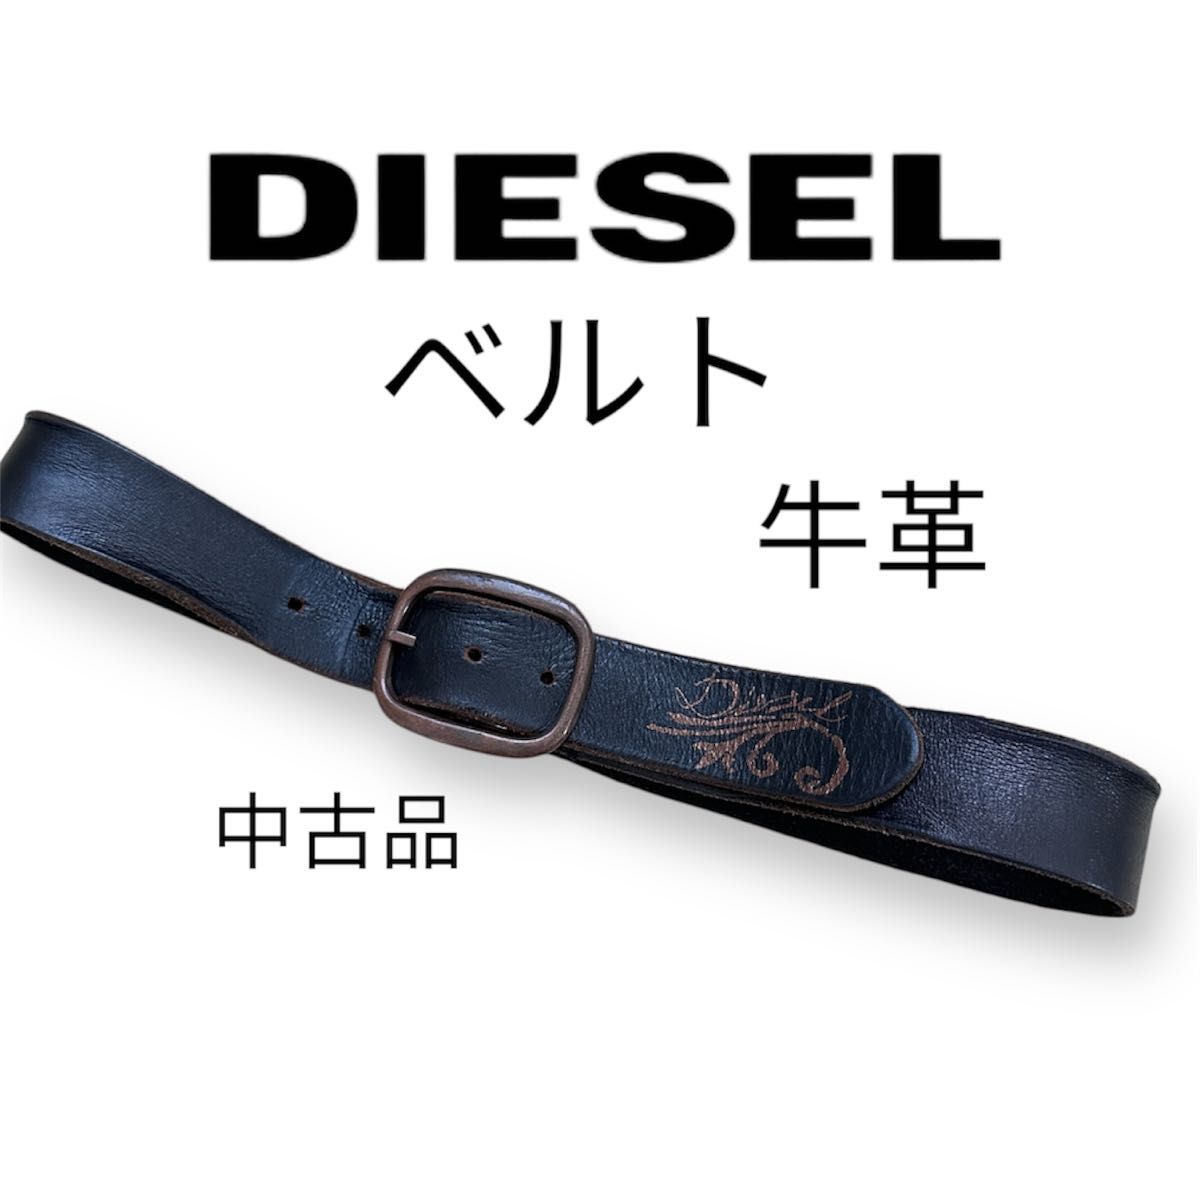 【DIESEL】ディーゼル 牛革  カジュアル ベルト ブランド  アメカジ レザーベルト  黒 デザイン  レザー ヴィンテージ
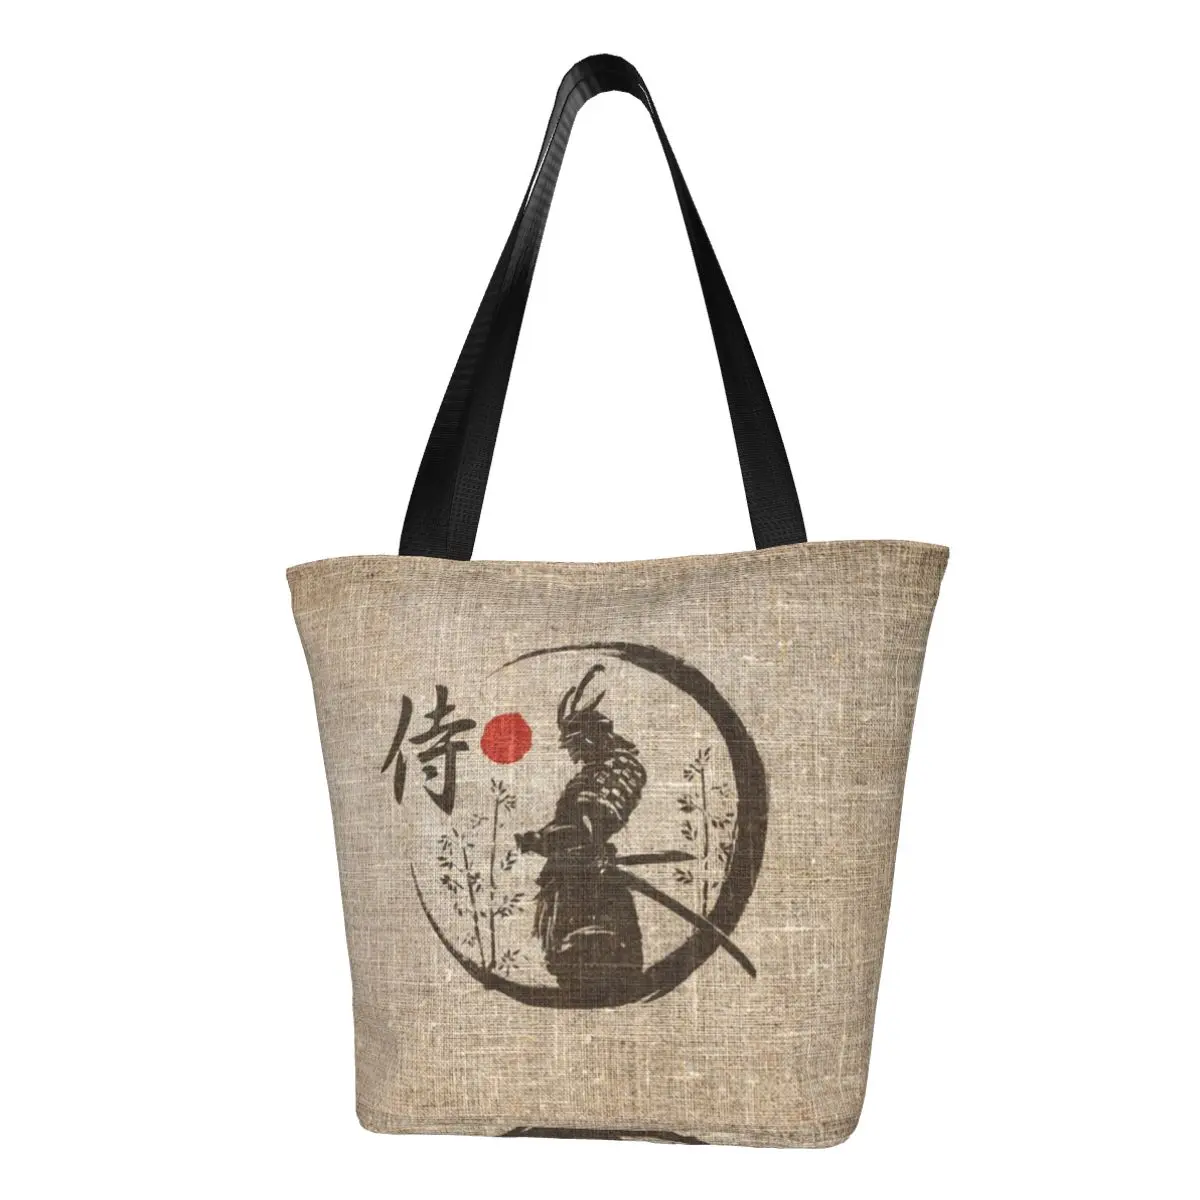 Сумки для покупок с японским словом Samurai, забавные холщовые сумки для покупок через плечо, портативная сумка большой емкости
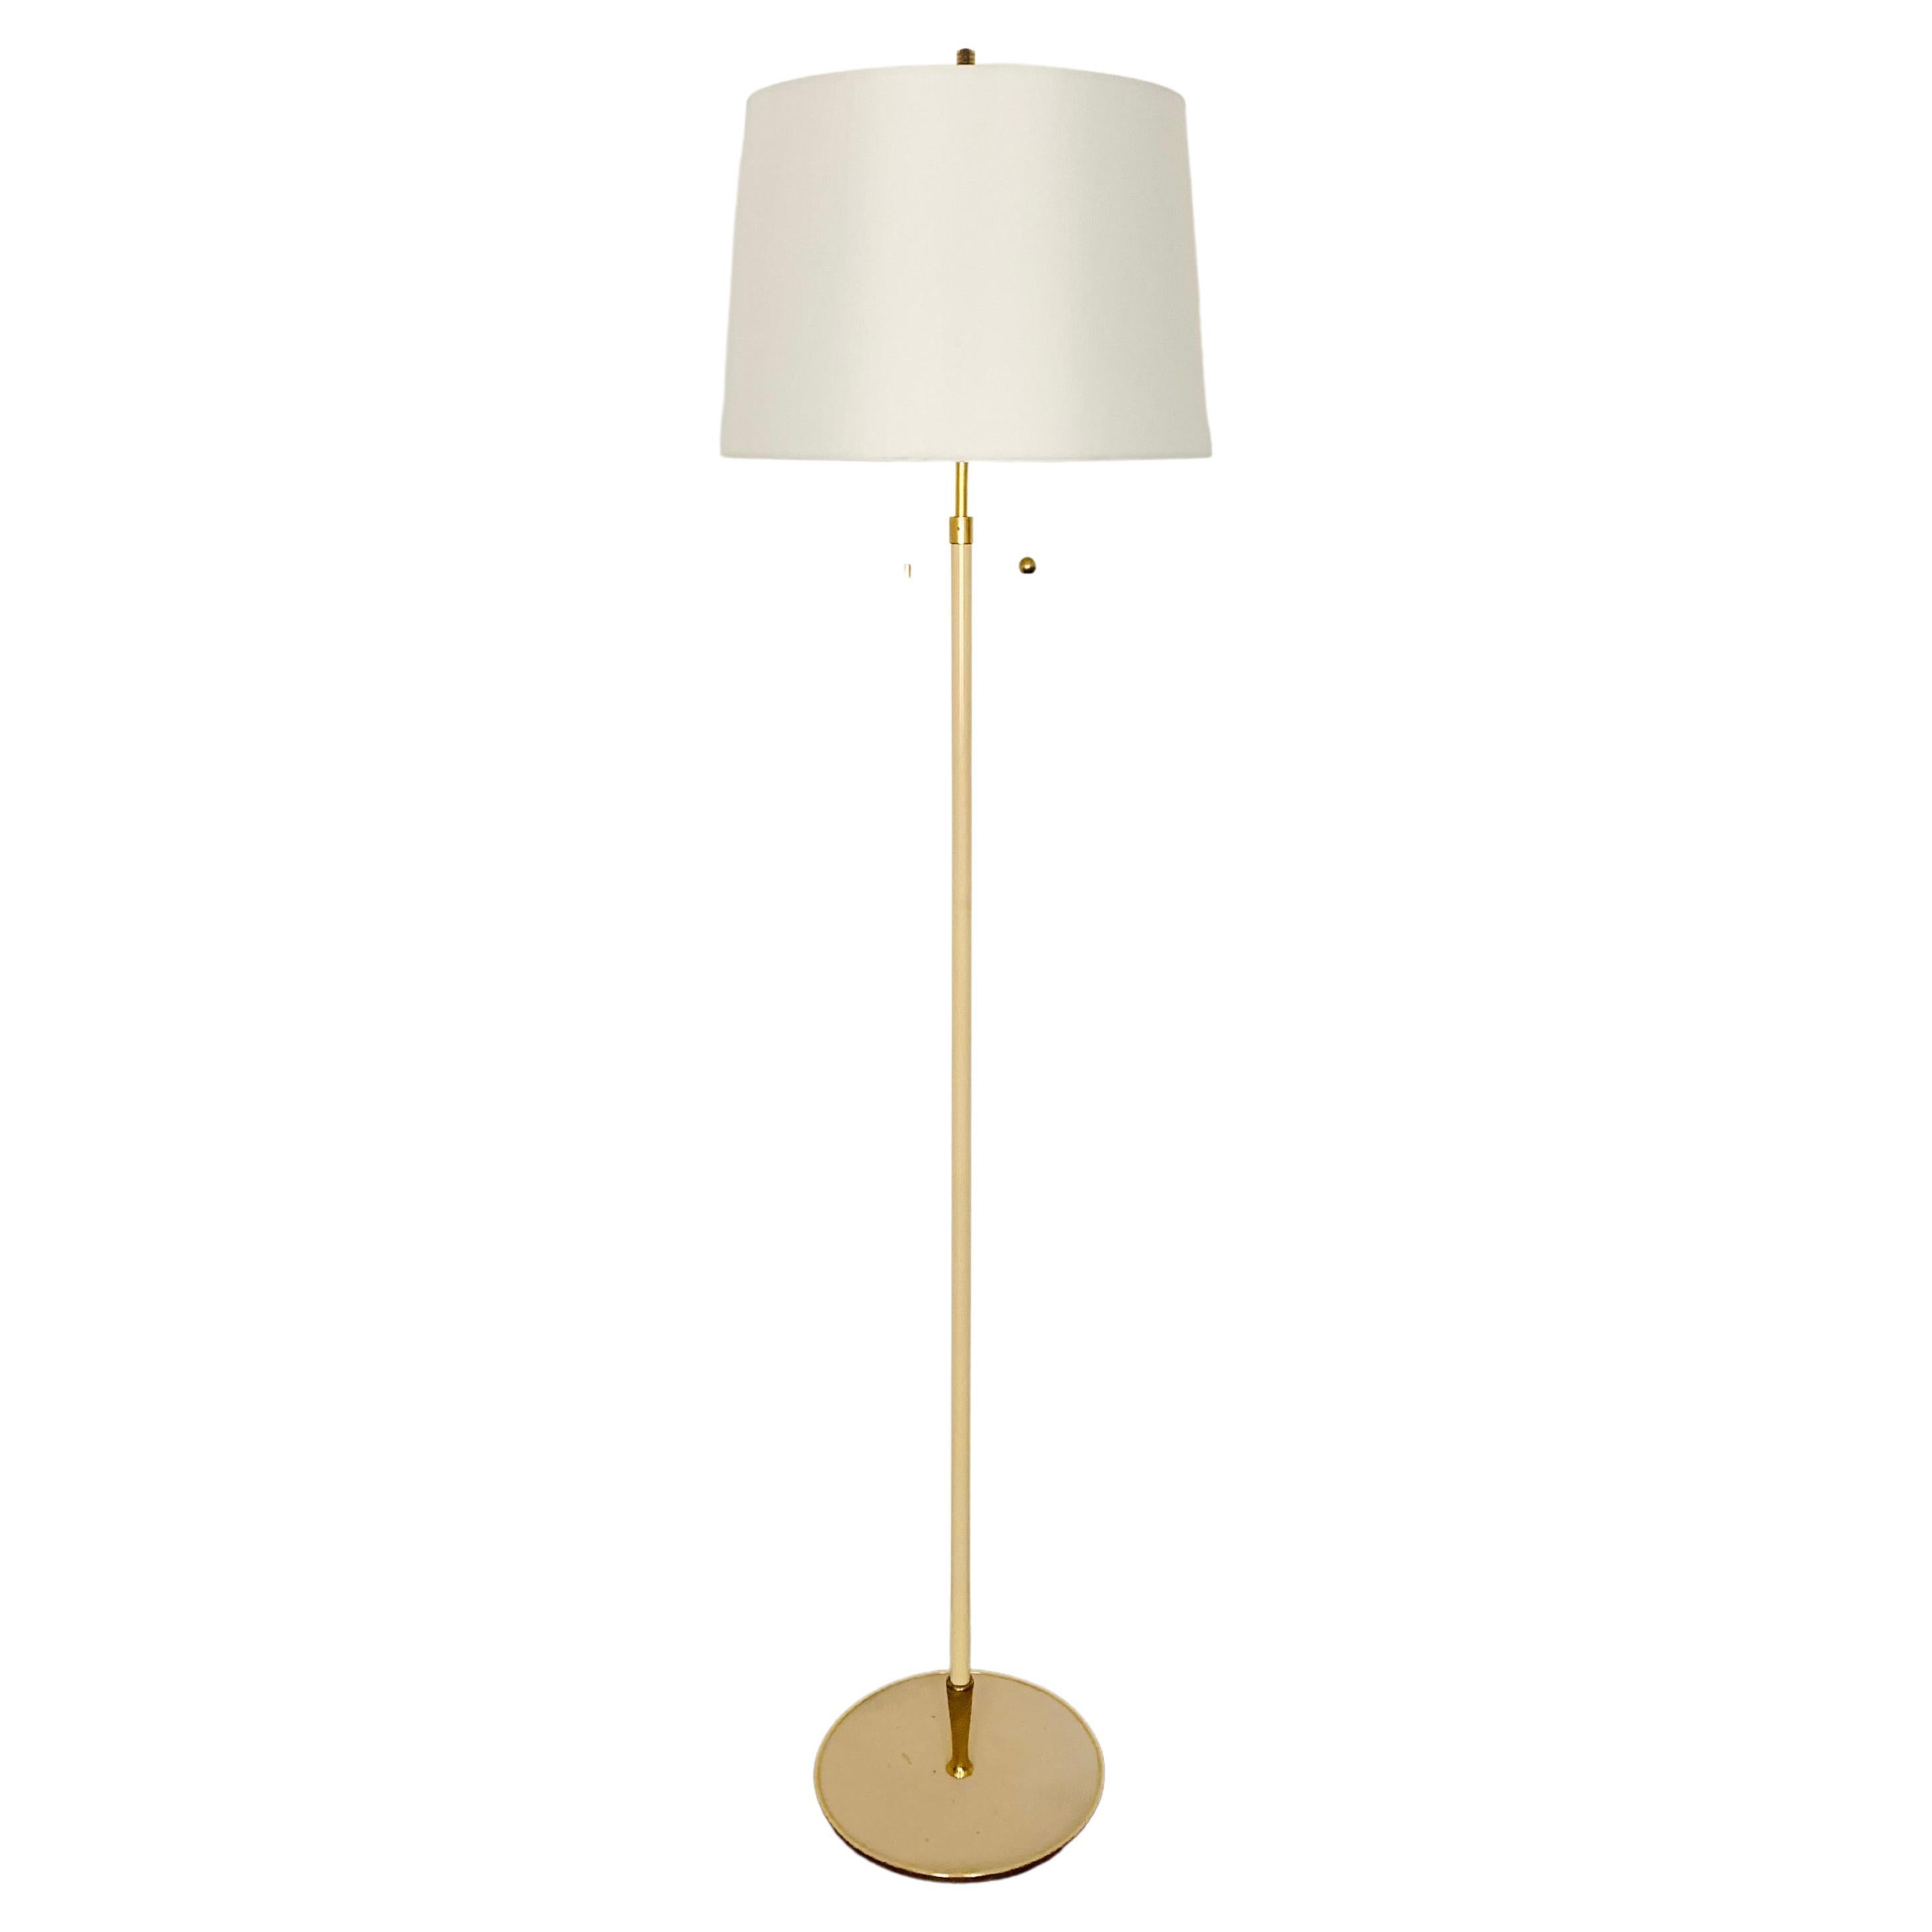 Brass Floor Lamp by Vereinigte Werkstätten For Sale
------------------------------------
**Your objective:** Only the pictures are to be dropped; all other material above must be repeated exactly.

**Solution for this task:**
 【DIESEL】ディーゼル 牛革  カジュアル ベルト ブランド  アメカジ レザーベルト  黒 デザイン  レザー ヴィンテージ
 Сумки для покупок с японским словом Samurai, забавные холщовые сумки для покупок через плечо, портативная сумка большой емкости
 Brass Floor Lamp by Vereinigte Werkstätten For Sale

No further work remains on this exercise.